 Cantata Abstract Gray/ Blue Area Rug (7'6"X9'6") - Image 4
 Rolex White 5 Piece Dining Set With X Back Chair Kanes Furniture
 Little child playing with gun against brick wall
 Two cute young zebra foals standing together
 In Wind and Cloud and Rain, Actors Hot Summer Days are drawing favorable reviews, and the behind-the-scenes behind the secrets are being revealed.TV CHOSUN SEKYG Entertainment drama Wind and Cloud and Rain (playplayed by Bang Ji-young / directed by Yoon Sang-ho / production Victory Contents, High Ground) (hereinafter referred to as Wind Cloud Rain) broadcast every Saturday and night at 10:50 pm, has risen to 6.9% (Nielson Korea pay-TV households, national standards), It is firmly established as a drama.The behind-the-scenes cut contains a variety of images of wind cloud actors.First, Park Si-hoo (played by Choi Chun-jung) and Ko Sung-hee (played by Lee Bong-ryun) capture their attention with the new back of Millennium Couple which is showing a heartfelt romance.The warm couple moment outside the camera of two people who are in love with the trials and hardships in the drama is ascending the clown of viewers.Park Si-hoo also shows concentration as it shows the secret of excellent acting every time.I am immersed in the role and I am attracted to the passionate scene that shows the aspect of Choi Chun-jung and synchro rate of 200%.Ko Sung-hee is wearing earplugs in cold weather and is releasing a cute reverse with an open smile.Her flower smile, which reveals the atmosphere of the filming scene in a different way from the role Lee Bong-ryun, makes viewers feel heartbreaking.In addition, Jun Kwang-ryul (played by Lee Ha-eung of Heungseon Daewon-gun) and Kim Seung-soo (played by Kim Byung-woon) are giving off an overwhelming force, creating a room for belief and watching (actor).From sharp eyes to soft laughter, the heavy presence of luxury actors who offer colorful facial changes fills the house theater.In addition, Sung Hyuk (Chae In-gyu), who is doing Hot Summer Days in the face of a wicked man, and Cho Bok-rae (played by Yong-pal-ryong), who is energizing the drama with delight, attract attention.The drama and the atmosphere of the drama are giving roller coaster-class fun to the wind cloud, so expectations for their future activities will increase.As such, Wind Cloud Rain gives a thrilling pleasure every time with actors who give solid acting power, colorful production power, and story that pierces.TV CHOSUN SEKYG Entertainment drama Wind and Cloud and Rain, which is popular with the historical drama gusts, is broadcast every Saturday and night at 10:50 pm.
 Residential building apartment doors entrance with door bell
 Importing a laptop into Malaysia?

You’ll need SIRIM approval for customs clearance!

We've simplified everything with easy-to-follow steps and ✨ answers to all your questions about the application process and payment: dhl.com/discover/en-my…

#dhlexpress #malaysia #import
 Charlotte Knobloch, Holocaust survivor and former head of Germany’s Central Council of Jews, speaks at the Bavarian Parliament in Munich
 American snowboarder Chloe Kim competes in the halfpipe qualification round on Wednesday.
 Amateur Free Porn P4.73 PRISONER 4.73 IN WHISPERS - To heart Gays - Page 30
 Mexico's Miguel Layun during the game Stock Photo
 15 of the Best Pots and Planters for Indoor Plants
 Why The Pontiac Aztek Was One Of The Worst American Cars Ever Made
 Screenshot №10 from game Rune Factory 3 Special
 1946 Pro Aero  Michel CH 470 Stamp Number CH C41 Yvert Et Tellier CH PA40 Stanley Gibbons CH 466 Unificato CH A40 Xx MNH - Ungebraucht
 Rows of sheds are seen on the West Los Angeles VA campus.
__________________________________________________
§ **What to work on**: Write out every entry above exactly as given.

§ **Answer to this problem**:
 Cantata Abstract Gray/ Blue Area Rug (7'6"X9'6") - Image 4
 Rolex White 5 Piece Dining Set With X Back Chair Kanes Furniture
 Little child playing with gun against brick wall
 Two cute young zebra foals standing together
 In Wind and Cloud and Rain, Actors Hot Summer Days are drawing favorable reviews, and the behind-the-scenes behind the secrets are being revealed.TV CHOSUN SEKYG Entertainment drama Wind and Cloud and Rain (playplayed by Bang Ji-young / directed by Yoon Sang-ho / production Victory Contents, High Ground) (hereinafter referred to as Wind Cloud Rain) broadcast every Saturday and night at 10:50 pm, has risen to 6.9% (Nielson Korea pay-TV households, national standards), It is firmly established as a drama.The behind-the-scenes cut contains a variety of images of wind cloud actors.First, Park Si-hoo (played by Choi Chun-jung) and Ko Sung-hee (played by Lee Bong-ryun) capture their attention with the new back of Millennium Couple which is showing a heartfelt romance.The warm couple moment outside the camera of two people who are in love with the trials and hardships in the drama is ascending the clown of viewers.Park Si-hoo also shows concentration as it shows the secret of excellent acting every time.I am immersed in the role and I am attracted to the passionate scene that shows the aspect of Choi Chun-jung and synchro rate of 200%.Ko Sung-hee is wearing earplugs in cold weather and is releasing a cute reverse with an open smile.Her flower smile, which reveals the atmosphere of the filming scene in a different way from the role Lee Bong-ryun, makes viewers feel heartbreaking.In addition, Jun Kwang-ryul (played by Lee Ha-eung of Heungseon Daewon-gun) and Kim Seung-soo (played by Kim Byung-woon) are giving off an overwhelming force, creating a room for belief and watching (actor).From sharp eyes to soft laughter, the heavy presence of luxury actors who offer colorful facial changes fills the house theater.In addition, Sung Hyuk (Chae In-gyu), who is doing Hot Summer Days in the face of a wicked man, and Cho Bok-rae (played by Yong-pal-ryong), who is energizing the drama with delight, attract attention.The drama and the atmosphere of the drama are giving roller coaster-class fun to the wind cloud, so expectations for their future activities will increase.As such, Wind Cloud Rain gives a thrilling pleasure every time with actors who give solid acting power, colorful production power, and story that pierces.TV CHOSUN SEKYG Entertainment drama Wind and Cloud and Rain, which is popular with the historical drama gusts, is broadcast every Saturday and night at 10:50 pm.
 Residential building apartment doors entrance with door bell
 Importing a laptop into Malaysia?

You’ll need SIRIM approval for customs clearance!

We've simplified everything with easy-to-follow steps and ✨ answers to all your questions about the application process and payment: dhl.com/discover/en-my…

#dhlexpress #malaysia #import
 Charlotte Knobloch, Holocaust survivor and former head of Germany’s Central Council of Jews, speaks at the Bavarian Parliament in Munich
 American snowboarder Chloe Kim competes in the halfpipe qualification round on Wednesday.
 Amateur Free Porn P4.73 PRISONER 4.73 IN WHISPERS - To heart Gays - Page 30
 Mexico's Miguel Layun during the game Stock Photo
 15 of the Best Pots and Planters for Indoor Plants
 Why The Pontiac Aztek Was One Of The Worst American Cars Ever Made
 Screenshot №10 from game Rune Factory 3 Special
 1946 Pro Aero  Michel CH 470 Stamp Number CH C41 Yvert Et Tellier CH PA40 Stanley Gibbons CH 466 Unificato CH A40 Xx MNH - Ungebraucht
 Rows of sheds are seen on the West Los Angeles VA campus.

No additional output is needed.